For these reasons, the Court finds that this claim is procedurally barred. Alternatively, the Mississippi Supreme Court's adjudication of the claim was neither contrary to nor an unreasonable application of clearly established federal law, and the Mississippi Supreme Court did not base its decision on an unreasonable determination of fact.
AA. Ground 21: Juror Misconduct
Keller claims that his right to fair trial was violated by juror misconduct in not disclosing material information during voir dire. The relevant facts are:
During voir dire, the court introduced the attorneys in the case. [22-3] at 146-47. First, it introduced Mr. Scott Lusk and Ms. Beth McFadyen, representing the State, and it asked Mr. Lusk to “introduce . . . all the other members of the office.” Id. at 146. Mr. Lusk introduced himself and Ms. McFadyen, and he listed these other staff: Mark Ward, Chris Schmidt, Joel Smith, Charles Wood, George Huffman, Jenny Tyler Baker, Kimberly Henry, Matthew Burrell, Crosby Parker, Christopher Fisher, and Cono Caranna, the District Attorney. Id. at 146-47. After introducing Keller and the defense team, the judge asked whether any of the venire knew “any of the attorneys or the accused in this case?” Id. at 148. Several veniremen raised a hand, Id., including venireman number 8, Mr. Aguilard. [22-4] at 4.
Mr. Aguilard said, “I've heard of the DA's [name] thrown around in my house because my parents know him.” Id.
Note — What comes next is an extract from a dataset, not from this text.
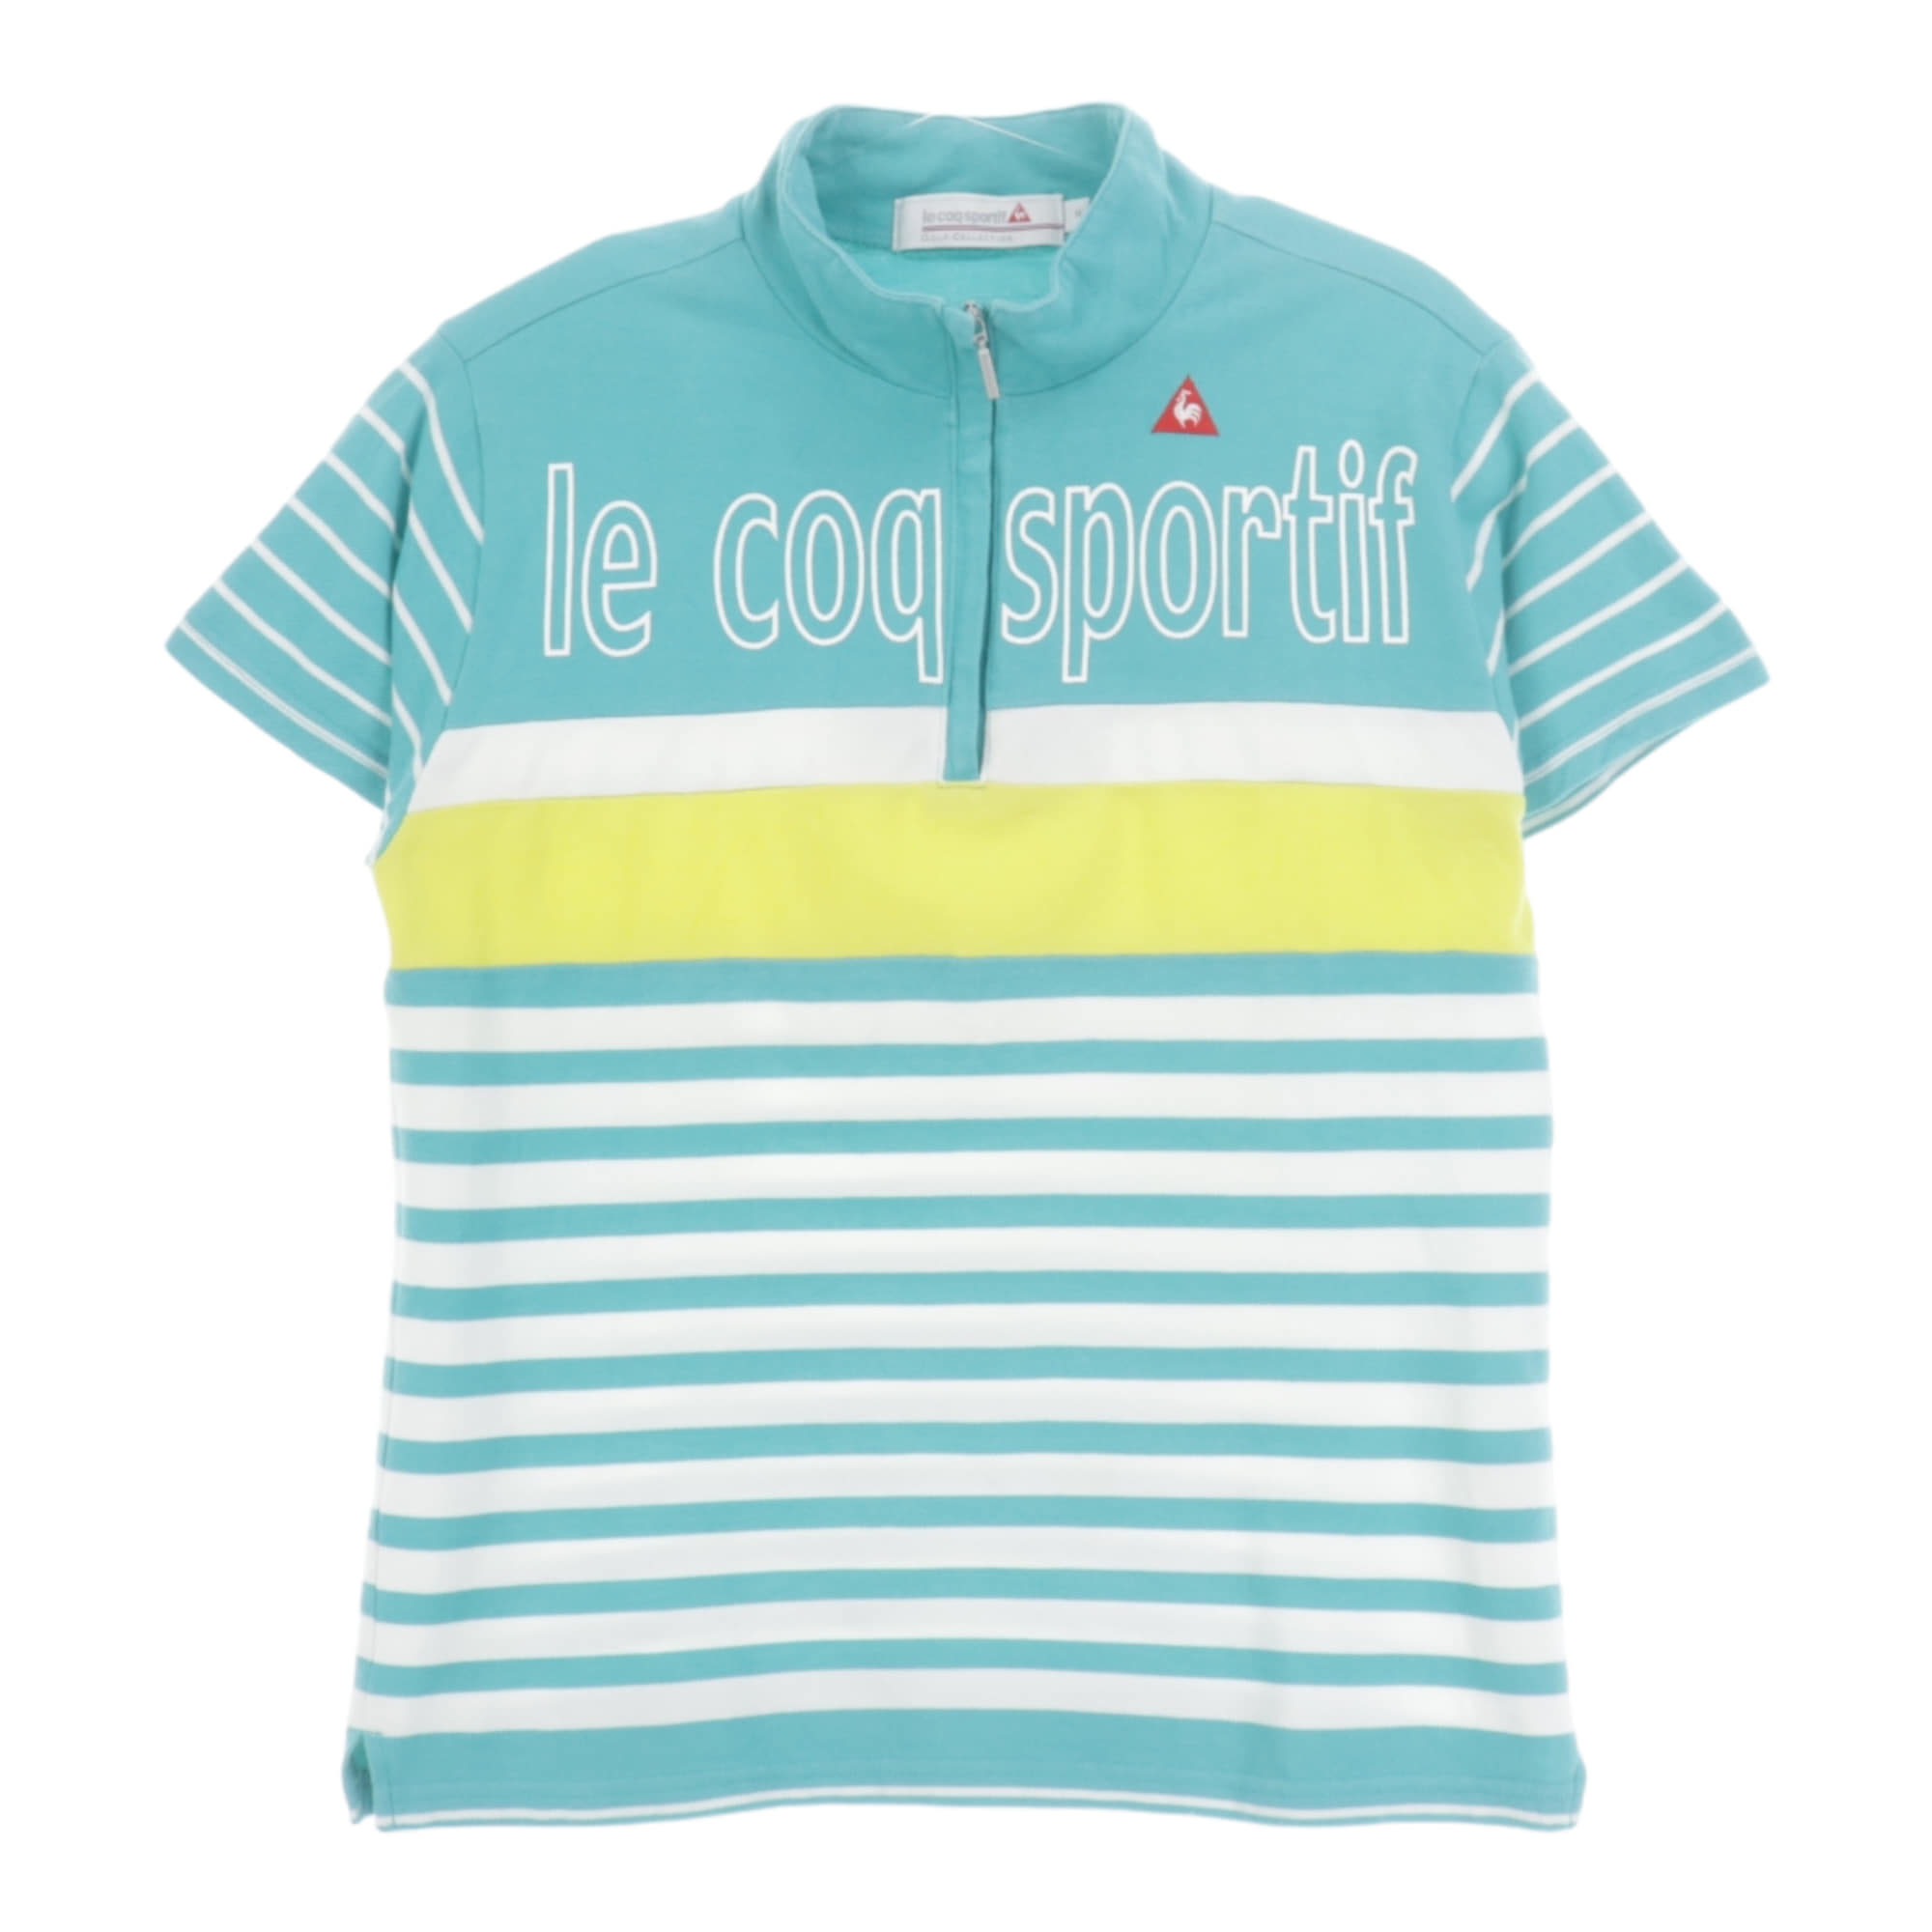 Le Coq Sportif Golf Collection,T-Shirts
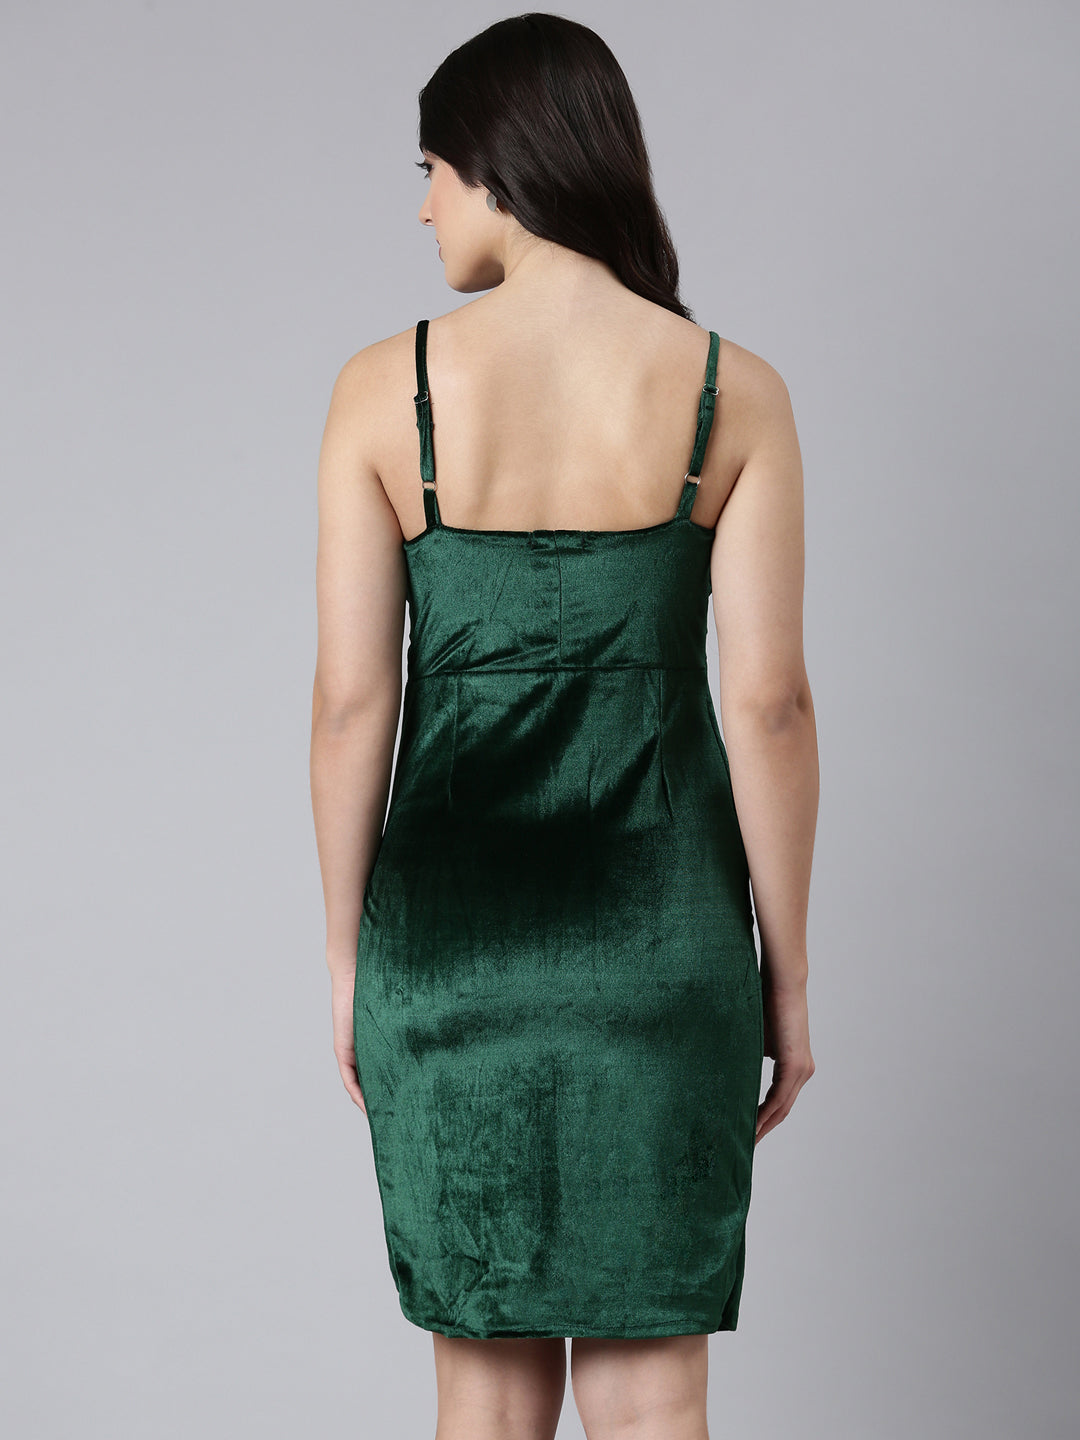 Women Bodycon Solid Green Dress

The court responded, “When you say thrown around that could be good or bad, and I'm not going to ask which, but anything about that that you think would cause you to favor one side or the other?” Id. Aguilard replied, “Absolutely not,” and the court asked him whether he could be “fair to both sides no matter who represents who.” Id. Aguilard responded, “Yes, ma'am.” Id. Aguilard was eventually seated as Juror No. 3. [22-5] at 54.
Several years later, Keller's post-conviction attorneys obtained an affidavit from Mr. Aguilard in which he stated: “During voir dire, I was asked whether I knew anyone in the District Attorney's office. My parents know the DA and I told the judge about that. My sister, Dixie Newman, was also employed in the Harrison County DA's office for several years. She is now on the Biloxi city council, and recently ran for mayor of Biloxi.” [23-12] at 28. Aguilard's sister, Dixie Newman, represented on her website that she had “[w]ork [e]xperience” in the “District Attorney's Office-Worthless Checks Division.” [23-13] at 11.
Keller argues that his right to a fair trial was violated because Mr. Aguilard concealed material information during voir dire, citing McDonough Power Equipment, Inc. v. Greenwood, 464 U.S. 548 (1984). [45] at 168-70. He presented this claim to the Mississippi Supreme Court in post-conviction. [23-9] at 167-71. The Mississippi Supreme Court summarily denied the claim as meritless without any discussion. Keller II, 229 So.3d at 716. The State argues that the claim is meritless, and the Mississippi Supreme Court's decision was reasonable. [49] at 133.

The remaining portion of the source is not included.